South Australia is home to the Woomera Test Range in the heart of the Outback and 60 space-related organisations. It has also recently launched a space innovation and growth strategy.
South Australian Minister for Defence Industries Martin Hamilton-Smith said South Australia led the way in the development of Australia’s space economy.
“Our vision is to position South Australia as a vibrant hub for future space activity and industry development,” he said.
South Australia’s place in the international space industry was cemented earlier this year after a successful test flight of an experimental rocket in the HIFiRE (Hypersonic International Flight Research Experimentation) program.
“The success of this test launch takes us one step closer to the realisation of hypersonic flight,” Australia’s Chief Defence Scientist Dr Alex Zelinsky said after the launch in May 2016.
Beside the historic test range in the desert at Woomera, South Australia is home to many other space industry programs and businesses.
Each year space experts from across the world meet at the University of South Australia’s Southern Hemisphere Space Studies Program to discuss challenges and opportunities on offer in the space industry.
Speakers included Alex Grant, whose South Australian company Myriota is developing tiny devices to transmit data to and from remote locations, Flavia Tata Nardini, a former European Space Agency propulsion engineer, who founded Launchbox in 2014 to change the way people understood space science, and Brett Burford, the founder of AU Launch Services, an Adelaide-based consulting group that works with CubeSat manufacturers, owners and operators and serves as a single point of contact for clients.

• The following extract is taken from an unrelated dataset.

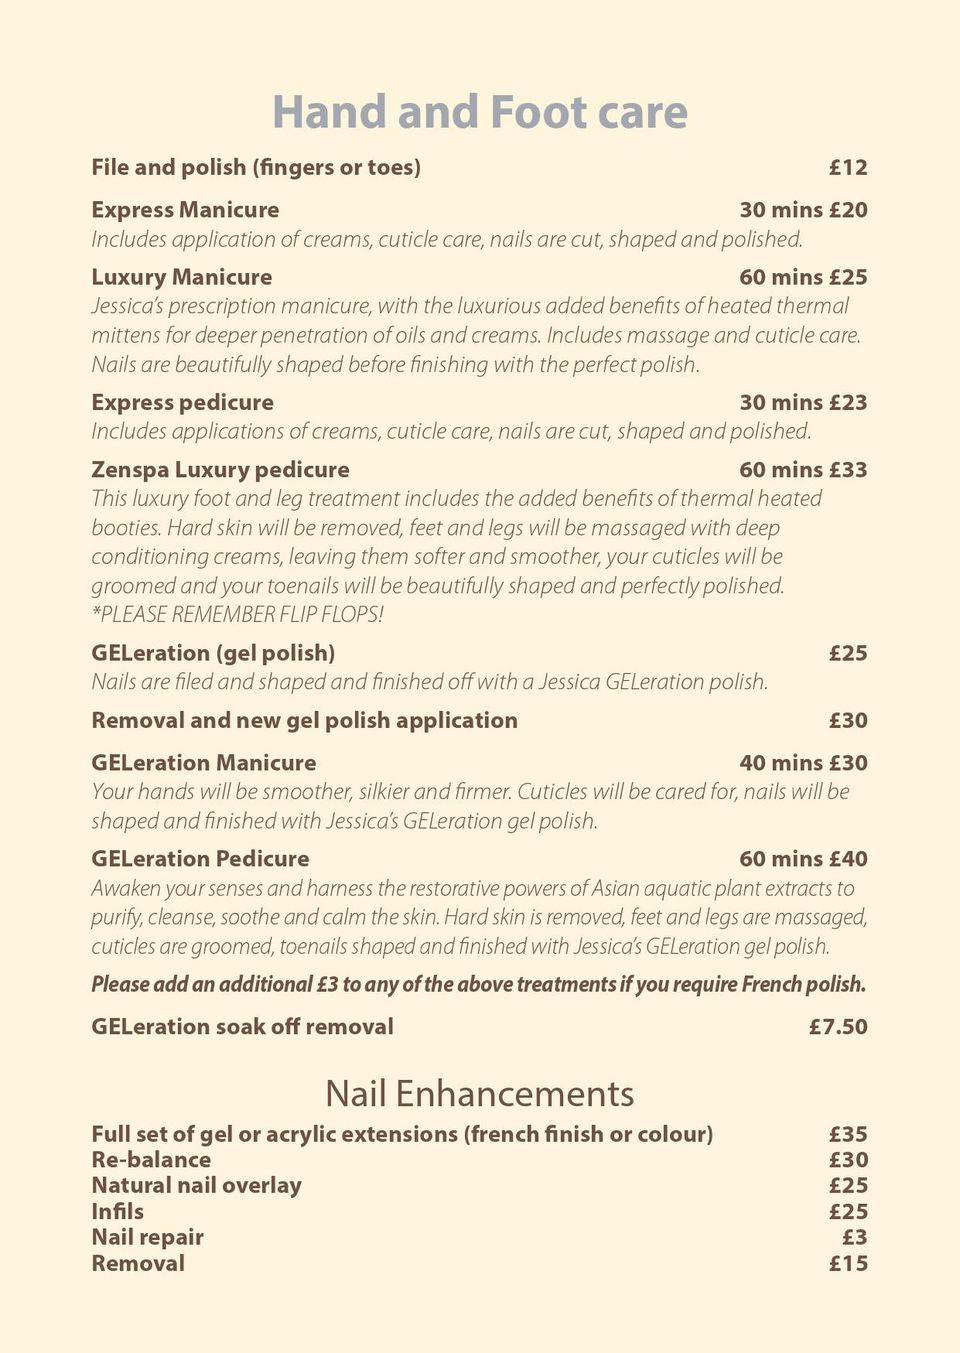 hand and foot care price list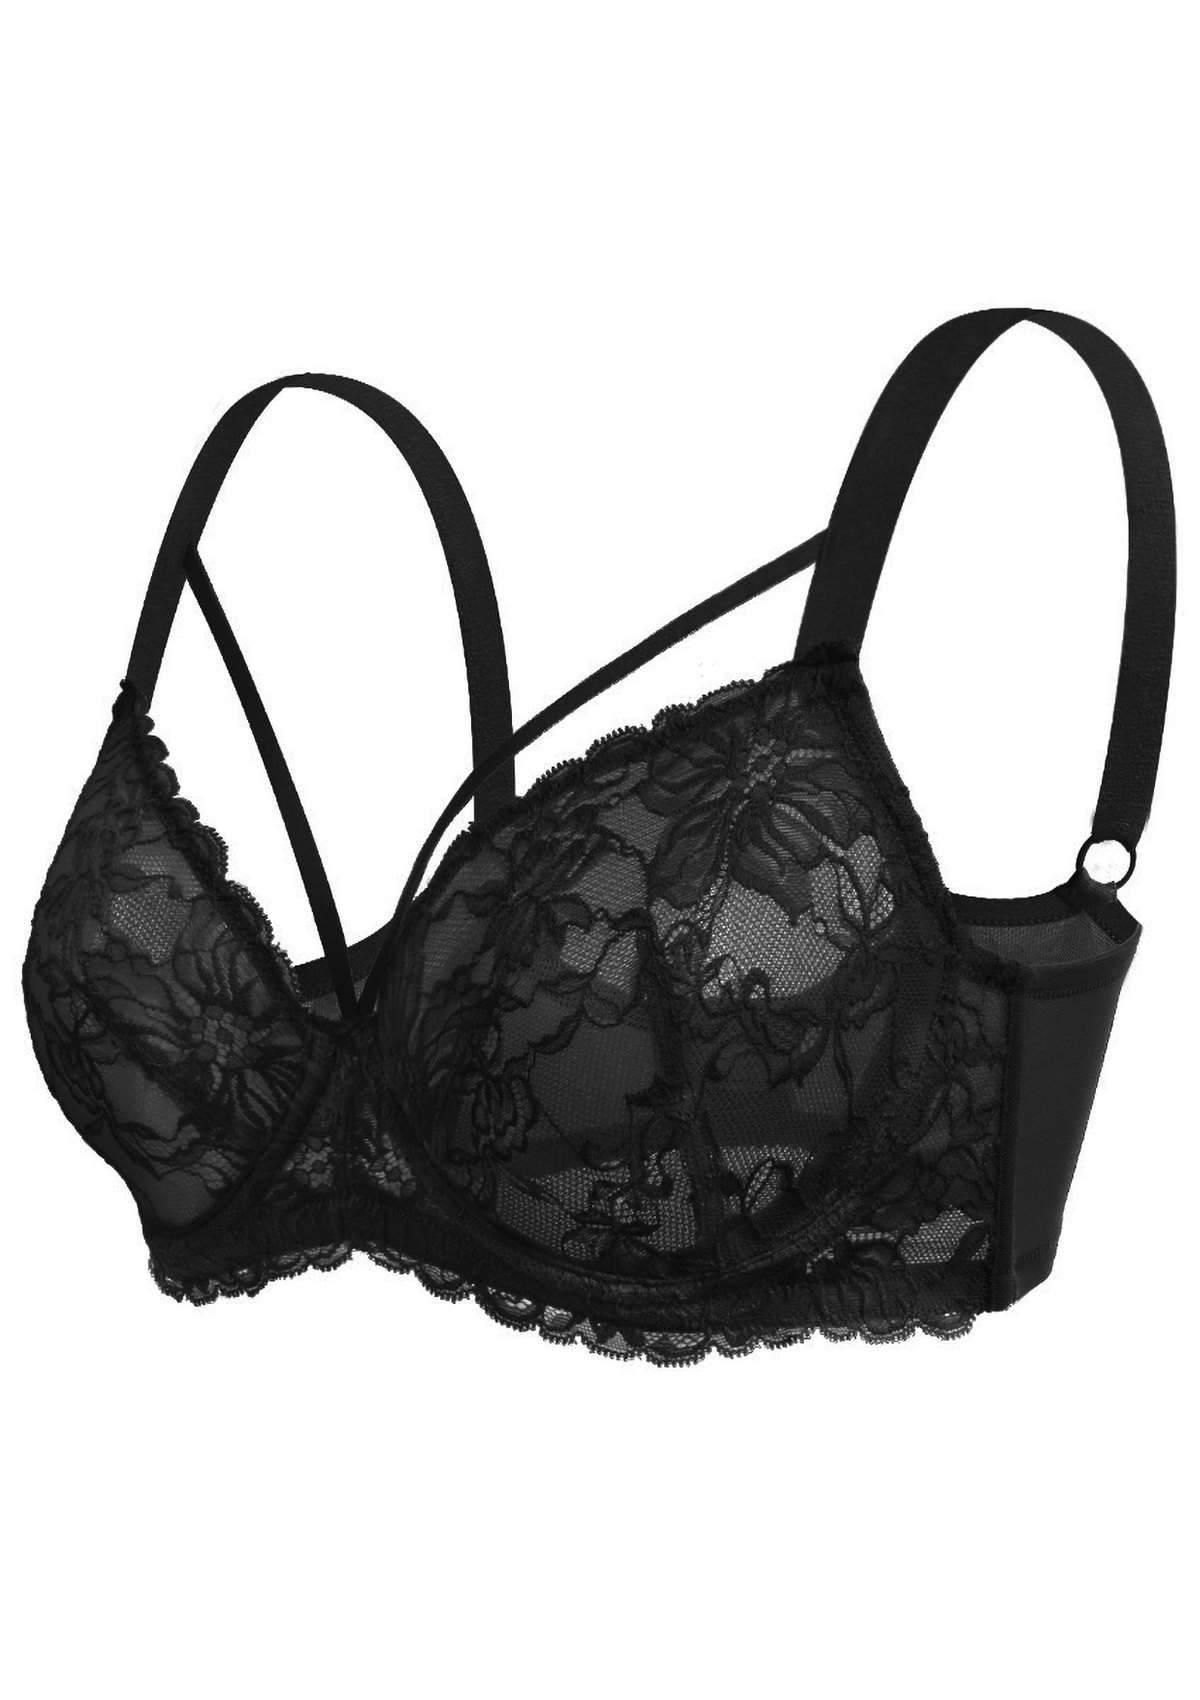 HSIA Pretty In Petals Bra - Plus Size Lingerie For Comfrot And Support - Black / 44 / B

Nova Systems, a project management company with large defence contracts, is also in talks with Italian space companies.
Adelaide, the capital of South Australia, will also host more than 3000 delegates from around the world at the 68th International Astronautical Congress (IAC) in September 2017.
Academically, the University of Adelaide has launched an intensive post-graduate course titled Strategic Space Law to bring the legal profession up to speed with the new frontier.